完成缺失的数据结构代码部分,包括Priority Queue, Hash Table以及DFS.
Problem 1
Exercise 14.8
In the queue abstraction presented in this chapter, new items are always added at the end of the queue and wait their turn in line. For some programming applications, it is useful to extend the simple queue abstraction into a priority queue, in which the order of the items is determined by a numeric priority value. When an item is enqueued in a priority queue, it is inserted in the list ahead of any lower priority items. If two items in a queue have the same priority, they are processed in the standard first-in/first-out order.

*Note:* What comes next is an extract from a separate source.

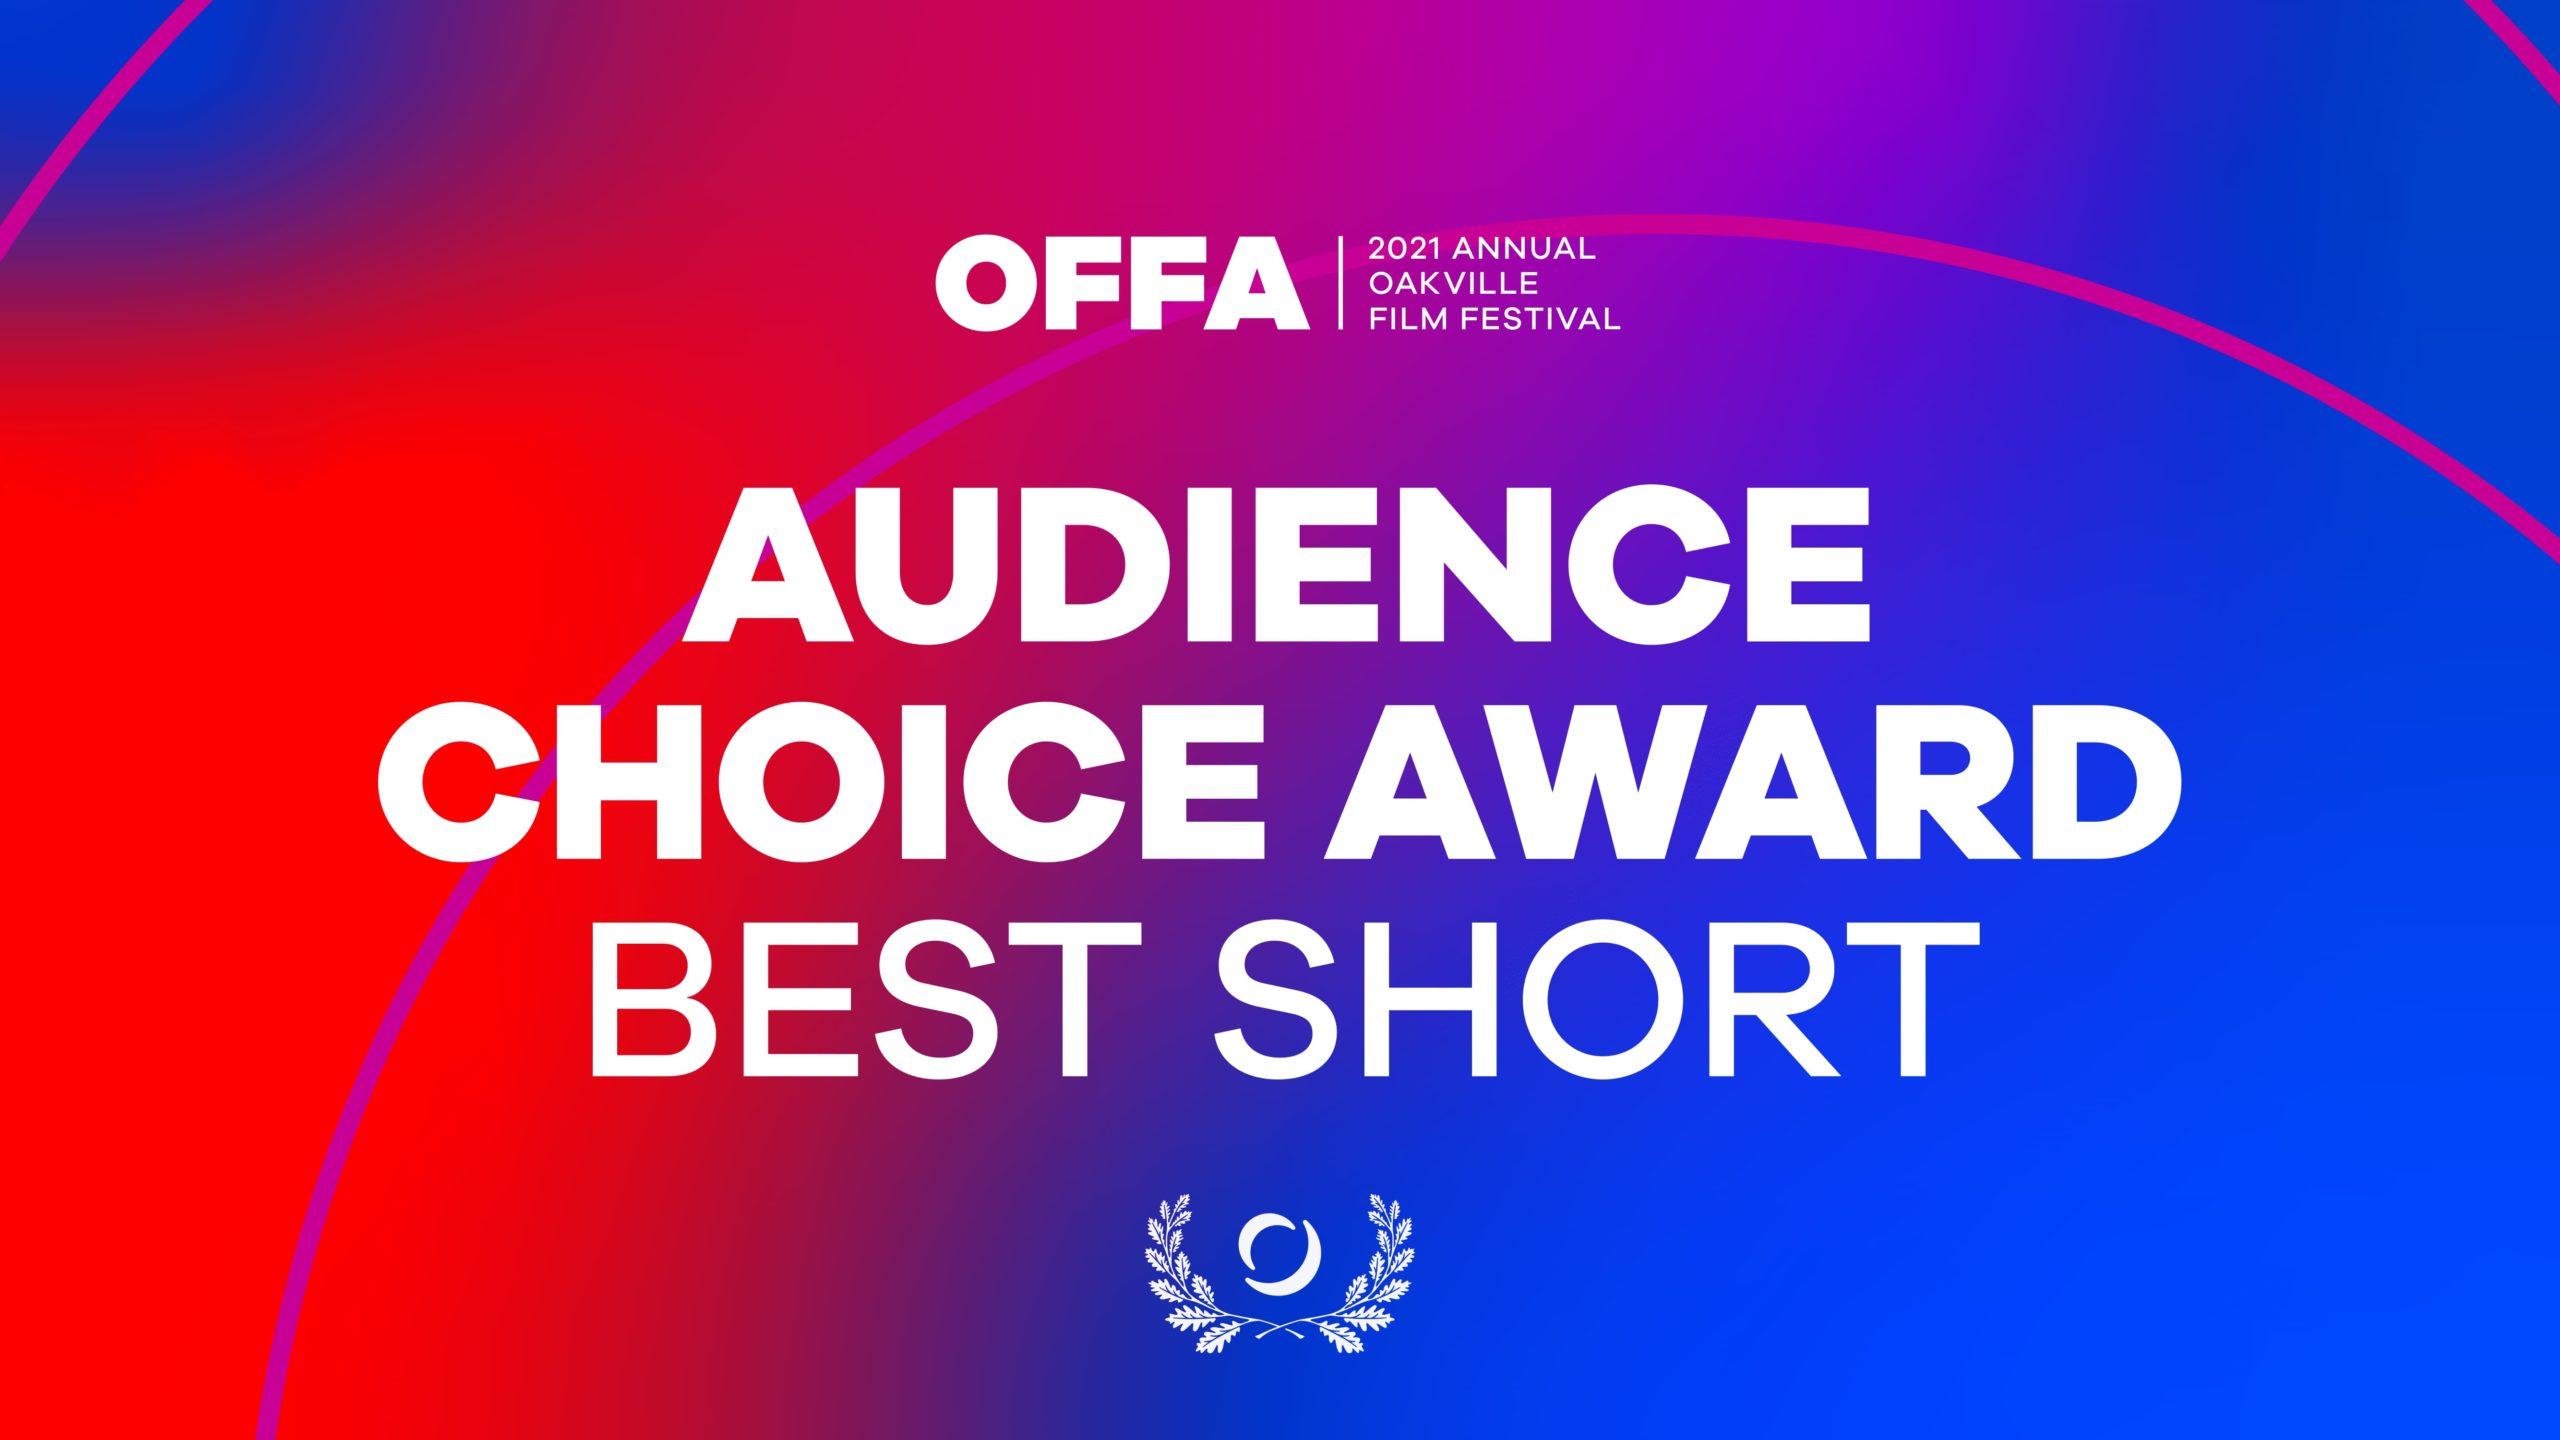 OFFA 2021 Audience Choice Award Best Short

Using the linked-list implementation of queues as a model, design and implement a pqueue.h interface that exports a class called PriorityQueue, which exports the same methods as the traditional Queue class with the exception of the enqueue method, which now takes an additional argument, as follows:1
void enqueue(ValueType value, double priority);
The parameter value is the same as for the traditional versions of enqueue; the priority argument is a numeric value representing the priority. As in conventional English usage, smaller integers correspond to higher priorities, so that priority 1 comes before priority 2, and so forth.
Requirments & Hints
Please fill in the TODO part of enqueue, dequeue and peek functions in pqueue.h. You can define your own functions in the codes if necessary, but you need to follow the provided code framework.
Problem 2
Exercise 15.9
Although the bucket-chaining approach described in the text works well in practice, other strategies exist for resolving collisions in hash tables. In the early days of computing when memories were small enough that the cost of introducing extra pointers was taken seriously hash tables often used a more memory-efficient strategy called open addressing, in which the key-value pairs are stored directly in the array, like this:
For example, if a key hashes to bucket #2, the open-addressing strategy tries to put that key value to directly at array[2].

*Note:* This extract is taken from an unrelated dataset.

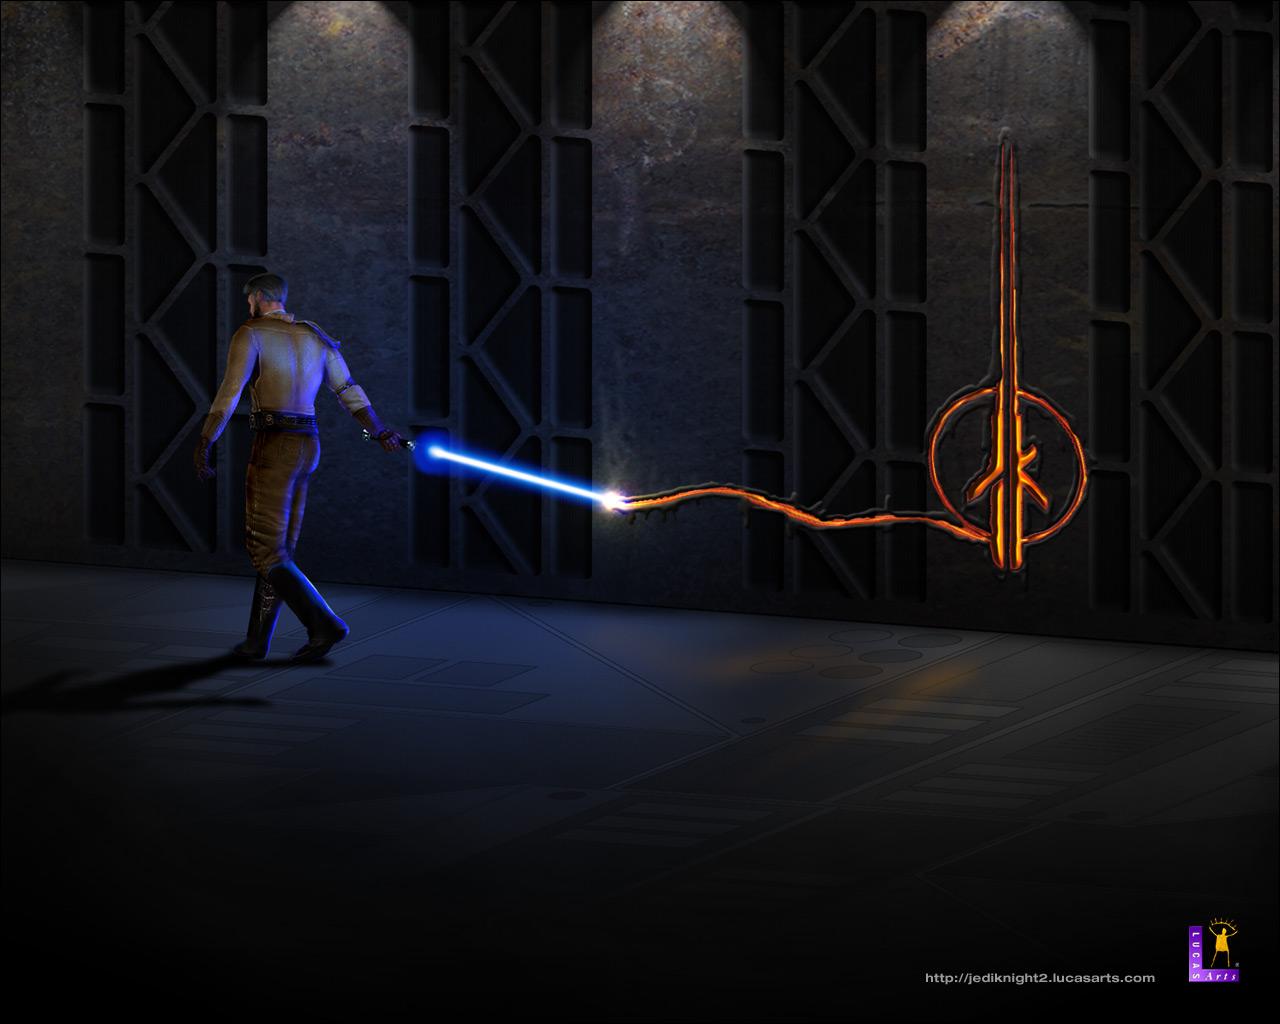 star wars jedi knight ii jedi outcast jk2 jo El código fuente de Jedi Knight 2: Jedi Outcast y Jedi Academy liberados bajo licencia GPLv2

The problem with this approach is that array[3] may already be assigned to another key that hashes to the same bucket. The simplest approach to dealing with collisions of this sort is to store each new key in the first free cell at or after its expected hash position. Thus, if a key hashes to bucket #2, the put and get functions first try to find or insert that key in array[2]. If that entry is filled with a different key, however, these functions move on to try array[3], continuing the process until they find an empty entry or an entry with a matching key. As in the ring-buffer implementation of queues in Chapter 14 of Textbook, if the index advances past the end of the array, it should wrap around back to the beginning. This strategy for resolving collisions is called linear probing.

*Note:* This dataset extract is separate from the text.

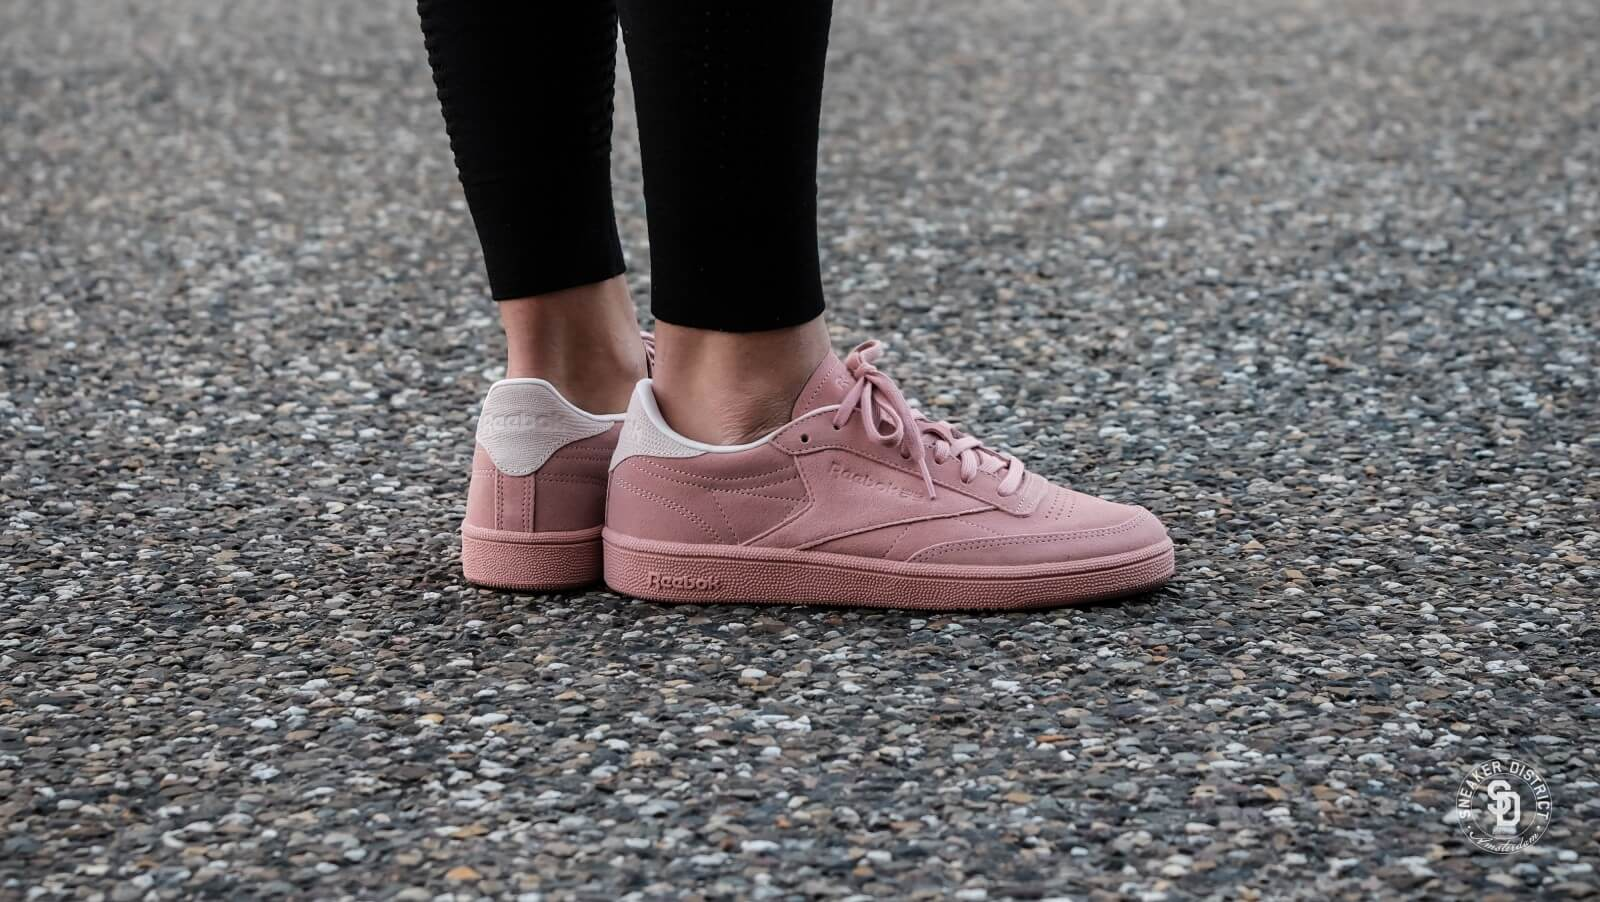 Club C 85 Nubuck Chalk Pink/Pale Pink

Reimplement the StringMap class so that it uses open addressing with linear probing. For this exercise, your implementation should simply signal an error if the client tries to add a key to a hash table that is already full.
Requirments & Hints
Please fill in the TODO part of findKey and insertKey functions in stringmap.cpp. You can define your own functions in the codes if necessary, but you need to follow the provided code framework.
Exercise 15.10
Extend your solution to Problem 3.1 so that it expands the array dynamically. Your implementation should keep track of the load factor for the hash table and perform a rehashing operation if the load factor exceeds the limit indicated by a constant defined as follows:1
static const double REHASH THRESHOLD = 0.7;
In this exercise, you will need to rebuild the entire table because the bucket numbers for the keys change when you assign a new value to nBuckets.
Requirments & Hints
Please fill in the TODO part of rehash function in stringmap.cpp. You can define your own functions in the codes if necessary, but you need to follow the provided code framework.
Problem 3
Exercise 18-3
Eliminate the recursion from the implementation of depthFirstSearch by using a stack to store the unexplored nodes. At the beginning of the algorithm, you simply push the starting node on the stack. Then, until the stack is empty, you repeat the following operations:
- Pop the topmost node from the stack.
- Visit that node.
- Push its neighbors on the stack
Exercise 18.4
Take your solution from the preceding exercise and replace the stack with a queue. Describe the traversal order implemented by the resulting code.
Requirements for Assignment
You should write TODO part in each .h or .cpp file according to the problem requirements.
Please note that, the teaching assistant may ask you to explain the meaning of your program, to ensure that the codes are indeed written by yourself. Please also note that we may check whether your program is too similar to your fellow students’ code using BB.
Reminder: Do not wait to submit until the last minute.